In Georgia and Alabama, they’re usually called crowder peas; in Kentucky and Tennessee, cowpeas; in Maryland and Delaware, lady peas; and throughout the South, just black-eyed peas (whether they have the distinctive dark spot or not). No matter the size, shape, or color, they’re all what Southerners term field peas in general, and when they’re simmered together with fresh speckled butter beans, a little seasoning meat, and a hot red pepper (as I’ve observed more than once at the tables of Alabama friends), and served with chopped raw onions and cornbread, there’s simply no greater side dish in the entire repertory. Today, fresh crowder peas are becoming as difficult to find (even in the South) as fresh genuine butter beans.
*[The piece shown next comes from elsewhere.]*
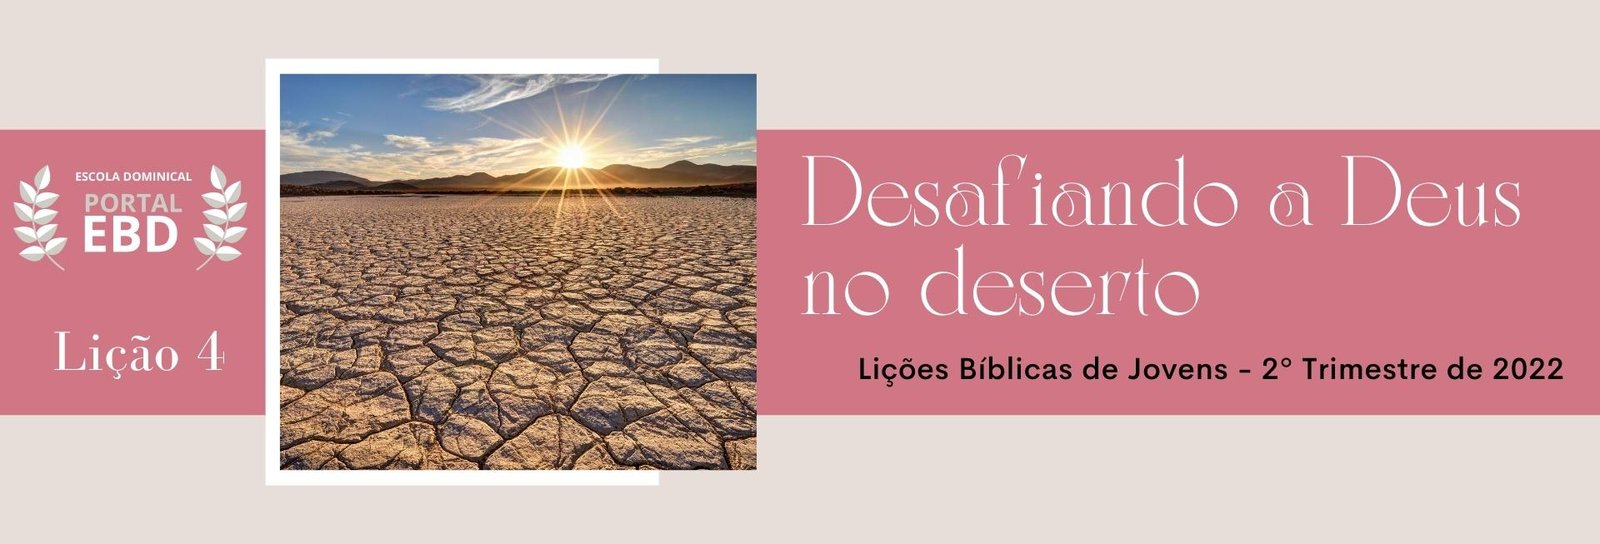 Lição 4 - Desafiando a Deus no deserto I

Of course, fresh or frozen black-eyed peas and baby limas can be substituted in this recipe with delicious results, but since crowders and “specs” do have special flavor, watch for them in restaurants and diners when traveling in the South. (Traditionally, the fresh peas are cooked with a few of the tender green pods, or “snaps.”)
Place the peas and beans in a large bowl of water and, stirring around with your fingers, pick them over and discard any blemished ones or foreign particles. Drain, place in a large saucepan, and add the streak-o’-lean, red pepper, salt and pepper, and enough water to cover. Bring to a boil, reduce the heat to low, cover, and simmer till the peas and beans are tender but not mushy, about 20 minutes. (Frozen peas and beans might need less cooking time.)
Drain the peas and beans, transfer to a serving bowl, and serve hot with onions sprinkled over the top or served on the side.